To address the validity of our results, we used two separate validation procedures for the population projections and the model’s spatial distribution algorithm. Due to shifts and annexations affecting county boundaries during the time period 2000–2010, 5 counties were withheld from analysis, leaving 3,104 counties for validation. To validate the accuracy of the cohort-component population projection, we projected county level population to 2010 using the 2000 US Census as our baseline. We scaled our projections to the 2010 US Census national projection. We then compared our projections with the 2010 US Census. To remove any bias between the actual census and the projections, we scaled the 2010 US Census county population counts to the projected national total. This left us with an observed population and predicted population, both scaled to a common number. We calculated the error as a percentage of the US Census projection (Fig. S5). On average, our county level projections were overestimated by 3.72% with an SE of 0.27% and an SD of 14.93%.
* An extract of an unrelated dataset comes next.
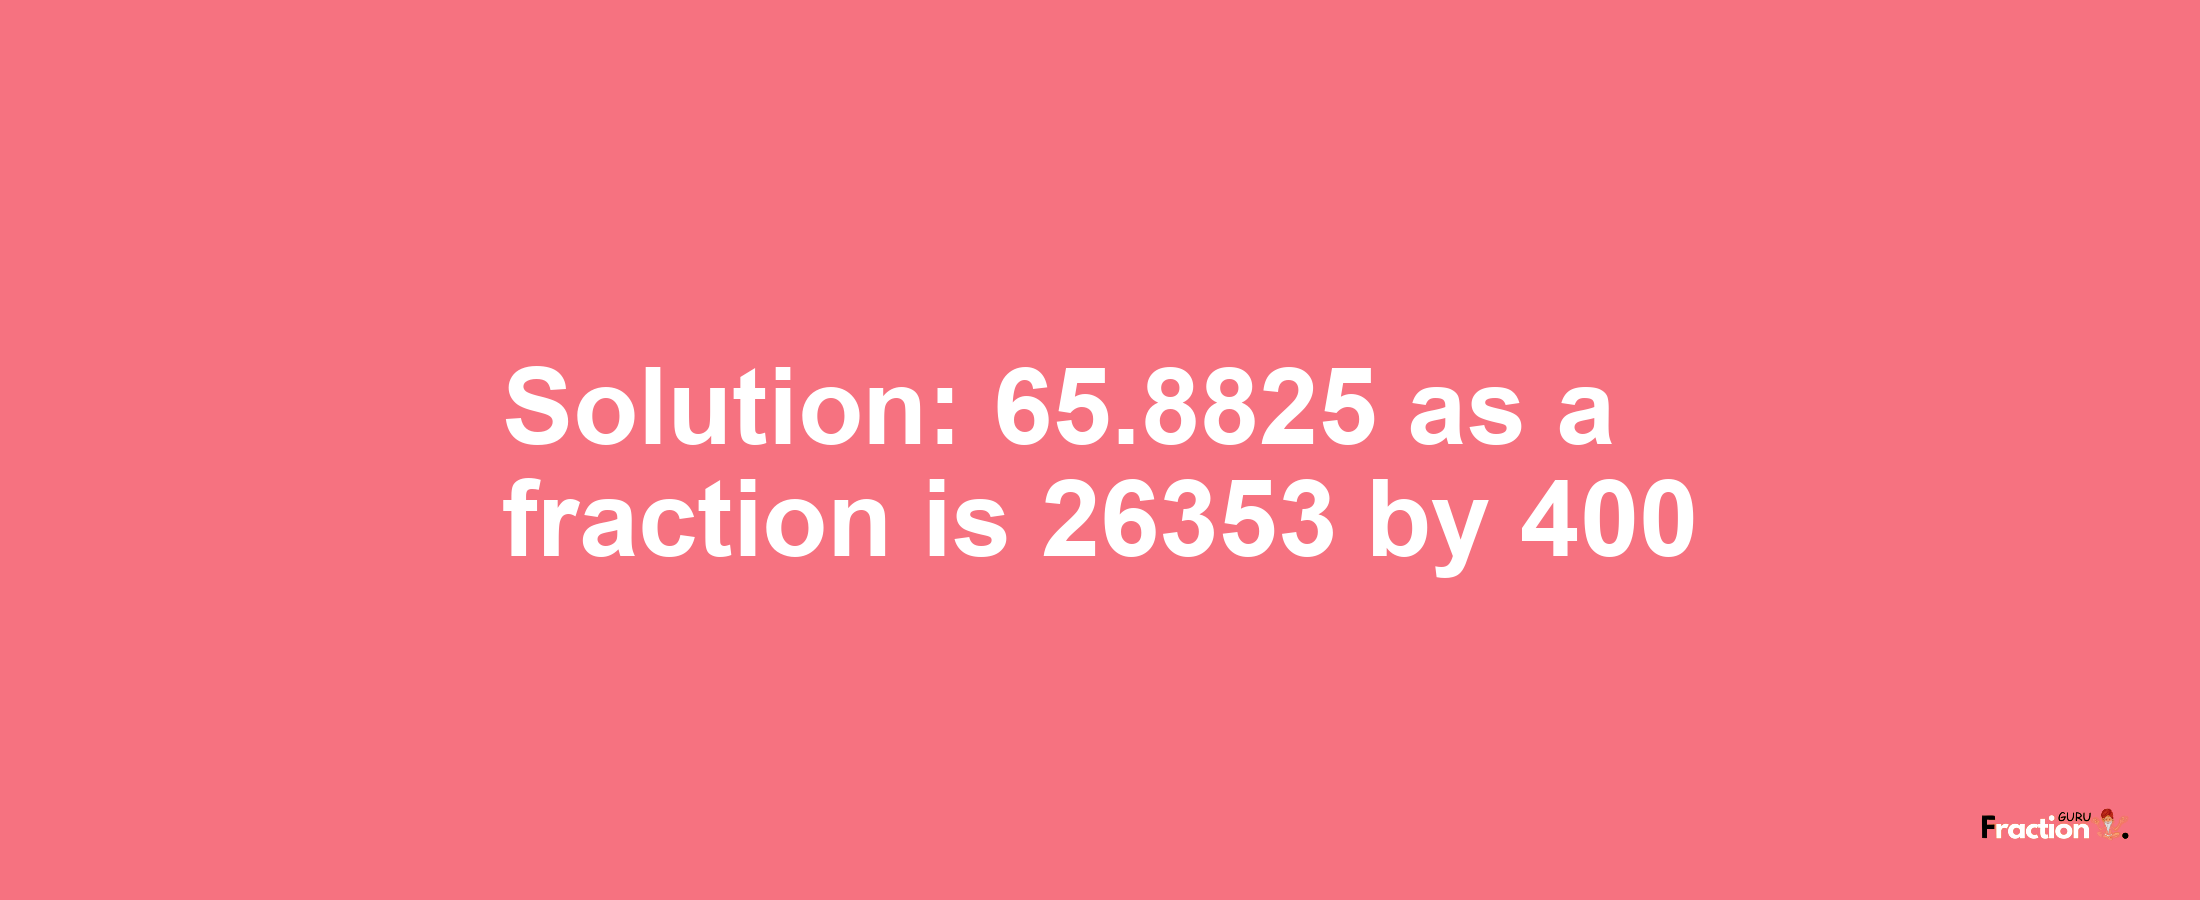 Solution:65.8825 as a fraction is 26353/400

Error associated with our population projections can be classified into two categories. The first category deals with erratic population trends. These cases can be attributed to anomalies such as natural disasters and economic downturns, as well as other socioeconomic processes that tend to be sporadic and unpredictable. St. Bernard Parish, LA, Orleans Parish, LA, and Monroe County, FL all have large overestimations of population (Fig. S5). The two Louisiana parishes experienced drastic decreases in population because of a mass exodus due to the catastrophic effects of Hurricane Katrina. These parishes have yet to rebound to prehurricane population counts. Similarly, Monroe County, FL experienced a large magnitude of population loss due to increased cost of living, dwindling job market, and a seasonal economy.
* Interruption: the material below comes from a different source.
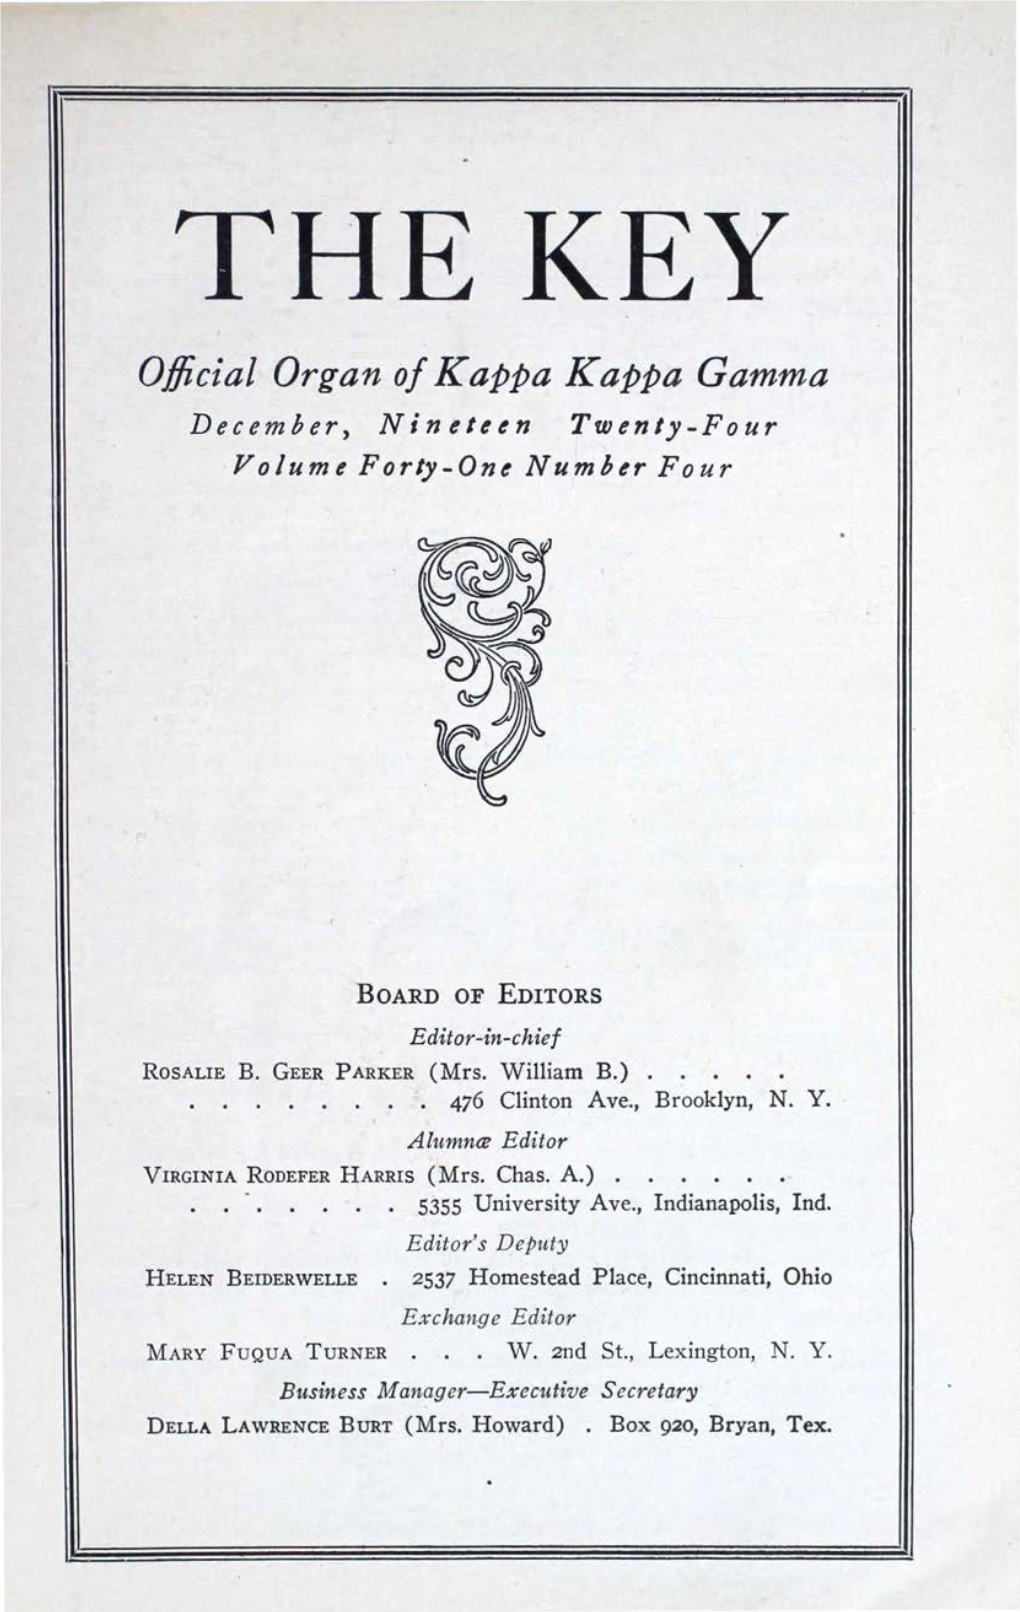 THE KEY Official Organ of Kappa Kappa Gamma December, Nineteen Twenty-Four Volume Forty-One Number Four

The second category of error is associated with a large relative change in population as opposed to a small absolute change. The large error exhibited for counties that are projected to have a large relative change in population can be traced back to limitations associated with the cohort-component method. Historical variation is not strongly accounted for in the cohort-component method, and therefore the future population of slower-growing areas will be overestimated and faster-growing areas will be underestimated. Historical variation in population growth trends can be similarly compared with fractals. Depending on the temporal resolution of interest, a county will display a general pattern of growth or decline over a span of several years. However, if the temporal focus is narrowed, it becomes apparent that these general patterns are the aggregation of more subtle trends which fluctuate from high to low or vice versa, even within the smallest timeframe. Depending on the current position of oscillation in the cycle of population growth–decline, extrapolating from this sample can cause an increase in error when projecting population counts. Cases such as this become more pronounced in counties that have smaller initial population counts. For example, if county A has a population of 1,000 and was projected to have a population of 1,800, the absolute change is small (800); however, relative to the total population of the county, there is population change of 80%. Instances such as this can be seen with Terrell County, TX, Greely County, KS, and San Juan County, CO (Fig. S5).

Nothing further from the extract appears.